The body composition angle: what your scale can tell you
One of the underappreciated downstream effects of gut dysbiosis is its impact on metabolic function. Gut bacteria are directly involved in how your body processes and stores energy. Specific bacterial populations influence ghrelin and leptin, the hormones that govern hunger and satiety. Dysbiosis affects insulin sensitivity, fat storage signalling, and the efficiency of your metabolic rate.
Women with significant estrobolome disruption often notice unexplained changes in body composition: difficulty losing fat despite no change in diet or exercise, or a shift in where fat is distributed toward the abdomen. These are not moral failures. They are metabolic signals. And they are measurable.
Tracking body composition over time, including metrics like visceral fat, muscle mass, and body water percentage, gives you an objective window into metabolic function that a simple weight reading completely misses. Changes in these numbers can flag gut-related metabolic shifts well before other symptoms become apparent.

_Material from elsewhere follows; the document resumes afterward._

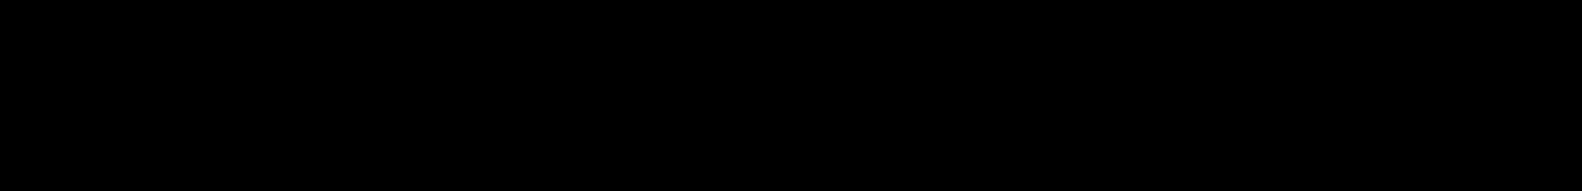 Andes Italic Black
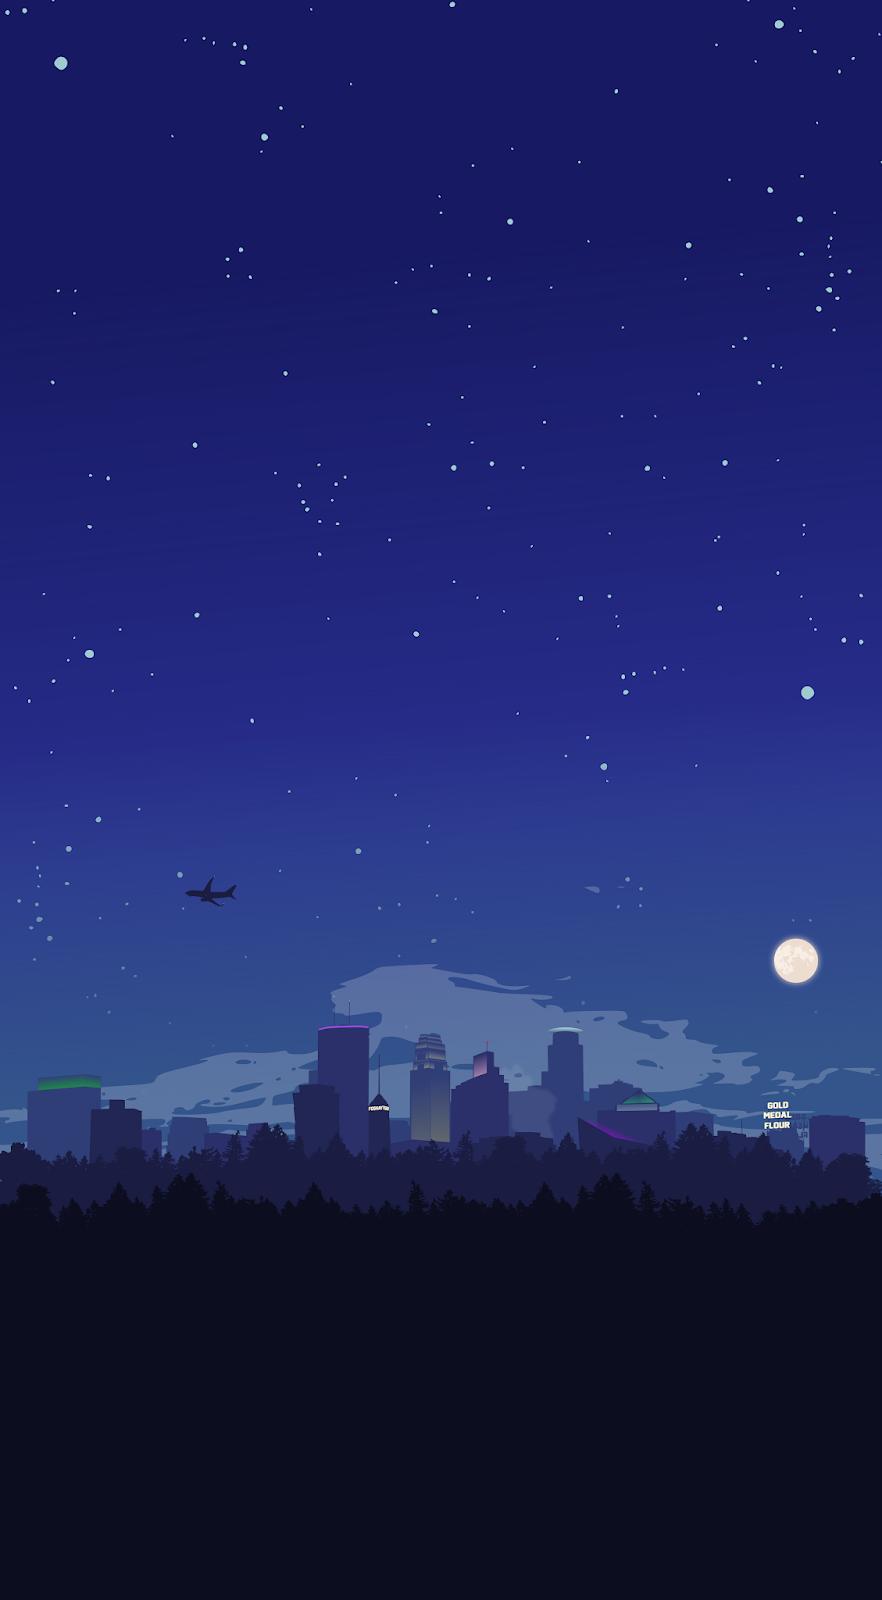 Minneapolis at night [OC]

- The estrobolome is a subset of gut bacteria that directly governs how much oestrogen circulates in your bloodstream. Disrupting it disrupts your hormones.
- Gut dysbiosis can cause oestrogen dominance or oestrogen deficiency, depending on the direction of disruption. Both have significant symptoms.
- Heavy periods, endometriosis, fibroids, and severe PMS are all connected to estrobolome disruption and elevated oestrogen reabsorption.
- Gut health is essential for thyroid hormone activation. Many women with hypothyroid symptoms and "normal" labs have impaired T4 to T3 conversion in the gut.
- 90% of serotonin is produced in the gut. Dysbiosis affects mood and anxiety directly, not metaphorically.
- Supporting the estrobolome requires fibre diversity (30 plant sources per week), fermented foods, stress management, and avoiding unnecessary antibiotic exposure.
Your gut is not a secondary system. For women, it is one of the primary control centres of hormonal health. Start treating it that way.